While the top court has barred new mining leases for now, activists caution that the proposed scientific mining plan could later become a gateway for reopening extraction, particularly if executive discretion outweighs ecological safeguards. “The danger lies not in what is allowed today, but in what becomes possible tomorrow,” one campaigner said.

Concerns have also been raised over limited public consultation in defining the Aravallis, with local communities, independent ecologists and civil society largely absent from the process.

Civil society flags inconsistencies

In a statement issued on December 22, the Aravalli Virasat Jan Abhiyaan flagged what it described as inconsistencies in the government’s public messaging. The group pointed to differences between statements made by the environment minister and a Bharatiya Janata Party press note dated December 21.

With regards to the Aravallis extending across 37 districts over about 1.44 lakh sq km, with 0.19 per cent (277.89 sq km) under legal mining permits, the minister referred to 39 districts, a total area of 1.47 lakh sq km, and said mining could occur in 217 sq km (around 2 per cent).

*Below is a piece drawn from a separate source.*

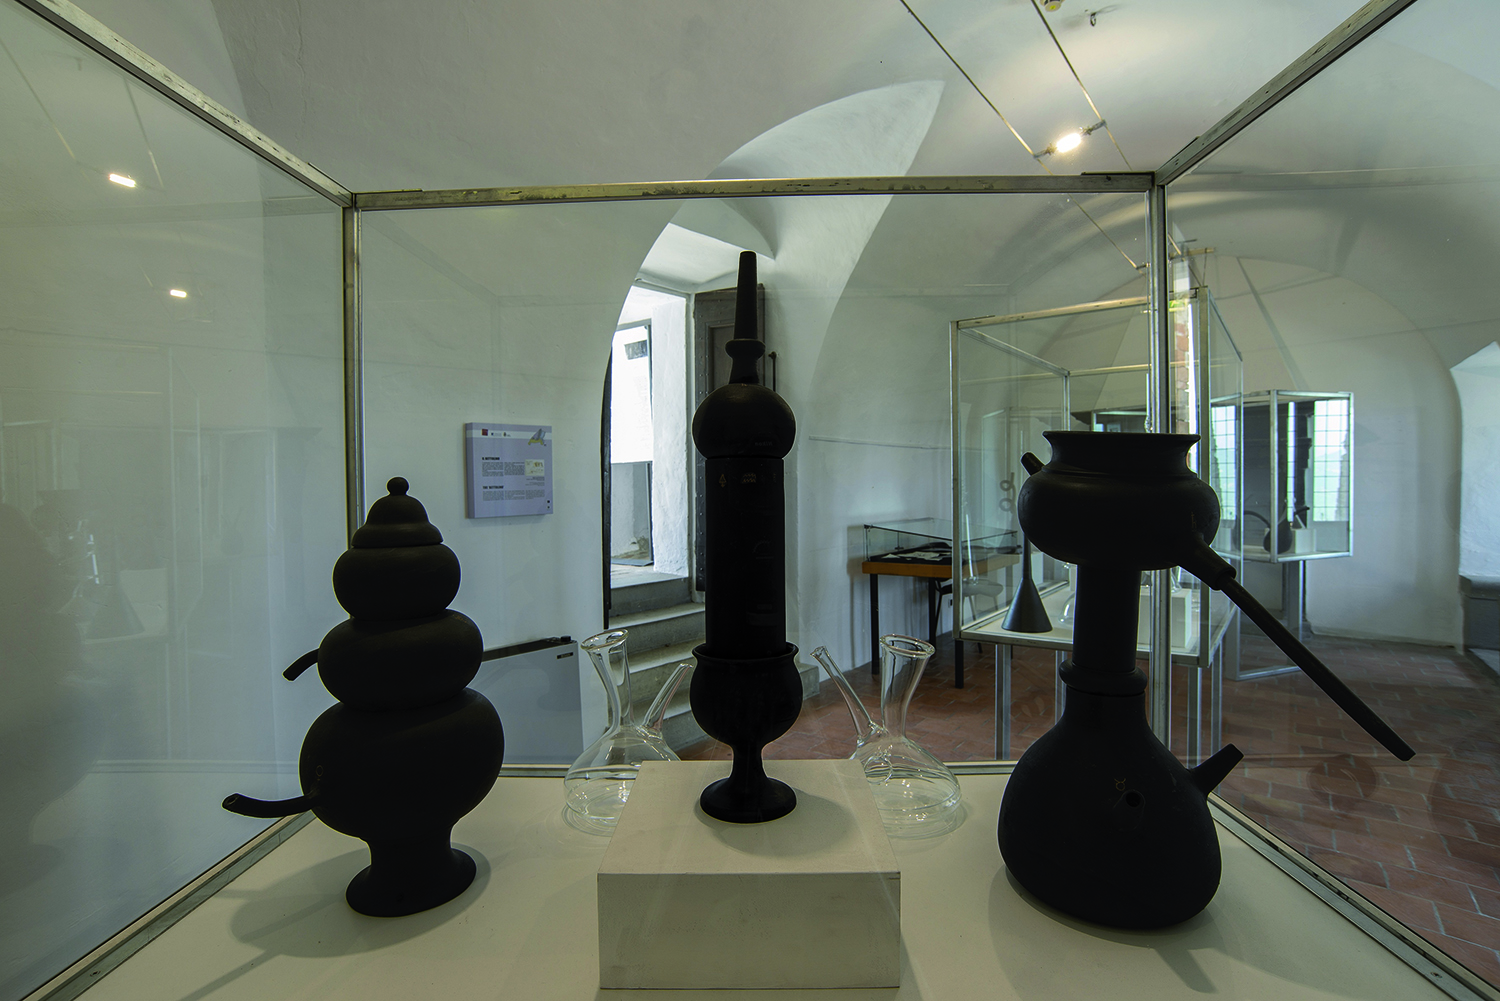 Visione d’insieme – Ceramiche alchemiche e vetri soffiati Ceramica a ingobbio nero, incisa a punta di bulino (misure variabili)

The group said such discrepancies undermine public confidence and demanded clarity.

The Abhiyaan called on the MoEFCC to publicly disclose the exact number and names of Aravalli districts across Delhi, Haryana, Rajasthan and Gujarat; release data on the number of hills and total Aravalli area under both the earlier FSI definition and the new 100-metre criterion; and assure that all Aravalli hills will be protected irrespective of height.

It also criticised the government’s press note for highlighting the Aravallis mainly as a repository of historical and cultural sites, while omitting references to their biodiversity, forests, rivers, streams and dependent communities.

Questioning the government’s claim that over 90 per cent of the Aravallis will remain unaffected by the Supreme Court order, the group demanded immediate public consultations across all Aravalli blocks in Gujarat, Rajasthan and Haryana to explain how the new definition would strengthen—rather than weaken—conservation.

A fragile balance

The government maintains that the uniform definition closes loopholes that enabled rampant illegal mining. Critics counter that without a landscape-level conservation law for the Aravallis, regulatory fixes tied narrowly to mining will remain inadequate.

As implementation unfolds, observers say the real test will be whether ecological protection prevails over extractive and real estate pressures in one of north India’s most degraded yet indispensable natural systems.